REVIEWS
EVA PERON SUPERSTAR
Newsweek July 10, 1978
by James N. Baker with Anthony Collings in London
Puccini would have snapped it up--the true-life story of an Argentine girl who clawed her way from a poverty-stricken childhood to the heights of political power and glamour, only to die at 33. But this is the age of rock, and the lurid life of the late Eva Perón has been embraced by producer Robert Stigwood, composer Andrew Lloyd Webber and lyricist Tim Rice, the team that gave the world Jesus Christ Superstar. The result is Evita, a rock opera that has become London's biggest homegrown musical hit in years.
Actually, Evita--like Superstar--began as a record album and was belatedly brought to pop theatrical life. Released eighteen months ago, the album bombed in the U.S. but sold tremendously in Europe, yielding a No. 1 single in Eva's climactic anthem, 'Don't Cry for Me, Argentina.' Consequently, the audiences packing London's Prince Edward Theatre tend to enter, as well as exit, humming snatches of Lloyd Webber's score, an inventive pastiche of soft rock, pop and Broadway with a Latin flavor. But what they really walk out with are the visions of a dazzling debut by an unknown named Elaine Paige in the title role and the spectacular staging masterminded by the wizard of Broadway, director Harold Prince.

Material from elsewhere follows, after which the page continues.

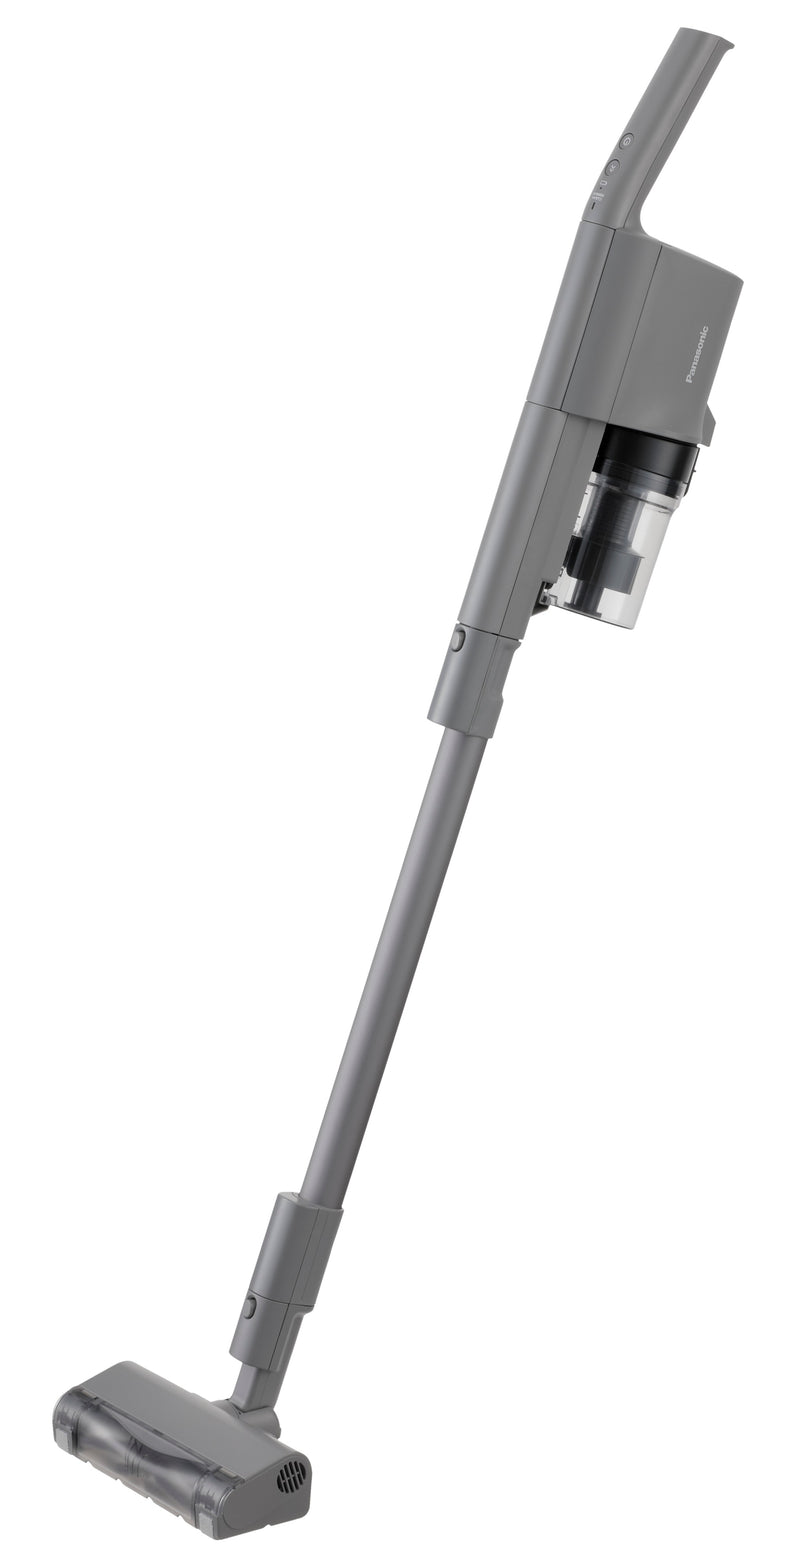 PANASONIC MC-SB53K Slim Tangle-Free Stick Type Vacuum Cleaner

'Prince's staging is a miracle,' wrote the Guardian's critic Michael Billington, 'which every British musical director ought to go and study with notebook in hand.' Evita opens with the Argentine masses mourning Eva's untimely death in 1952, then flashes back to 1934 when at 15, she seduces a small-time nightclub singer who reluctantly takes ber out of the sticks to the splendor and bright lights of Buenos Aires. Sings Rice's Eva, a real phrasemaker: "I wanna be a part of BA/Buenos Aires--Big Apple!'
A series of brilliant numbers--the show has no 'book' as such--chronicles the climb of Eva and her husband, Col. Juan Perón (Joss Ackland), to the top, their rousing of the workers, their war on the aristocracy, Eva's glittering 'rainbow tour' of Europe, her apotheosis as 'Santa Evita' to Argentina's hungry children and her eventual physical collapse from cancer. During 'Goodnight and Thank You,' a song that illustrates her sexually propelled rise to movie stardom, Prince shows a succession of lovers exiting through the revolving door of Eva's boudoir with the heroine emerging each time in progressively fancier peignoirs. The colonel's power machinations are dramatized as a game of musical chairs.
Revolutionary: Along the way are several stunning ballads (the show's best song, 'Another Suitcase in Another Hall,' is sung by one of Perón's discarded mistresses) and the historically impossible comentary of Che Guevara (pop star David Essex). This cute little revolutionary is on hand to point out the worms in Eva's ermine--her need for adoration ('Why try to govern a country when you can become a saint?'), her skill at crowd manipulation ('One has to admire the stage management').
For all of Che's running acerbidity about its controversial heroine, Evita remains determinedly soft-focus about its controversial heroine. One London critic, Robert Cushman of The Sunday Times, complained that 'there is no knowing whether she left Argentina better or worse than she found it; the place looks much the same throughout.' As to whether or not Eva was power mad or genuinely idealistic, even all-knowing Che isn't sure. 'I can't tell you what to say,' he announces in the end.
Political Messages: But lyricist Tim Rice, who was also accused of straddling the fence in Superstar, defends the show's political integrity, 'If your subject happens to be one of the most glamorous women who ever lived, you will inevitably be accused of glamorizing her. The only political messages we hope will emerge are that extremists are dangerous and attractive ones even more so.' 'The show doesn't make her out to be a good woman,' insists Elaine Paige. 'You leave thinking she's wonderful and when you get to the subway you say, 'Wait a minute, she wasn't.'
An out-of-work veteran of chorus lines and TV commercials, Paige, 28, was chosen to play Evita in an international search for unknowns. (Rock singer Julie Covington, who did the album, turned down the part.) She hopes to appear in the version that Stigwood and Prince are planning to bring to Broadway in the spring. Stigwood is rumored to be considering Ann-Margret for the part, but don't count Paige out. 'Eva liked to win,' she says, 'and I'm like her on that score.' How about Paige as a rock Turandot?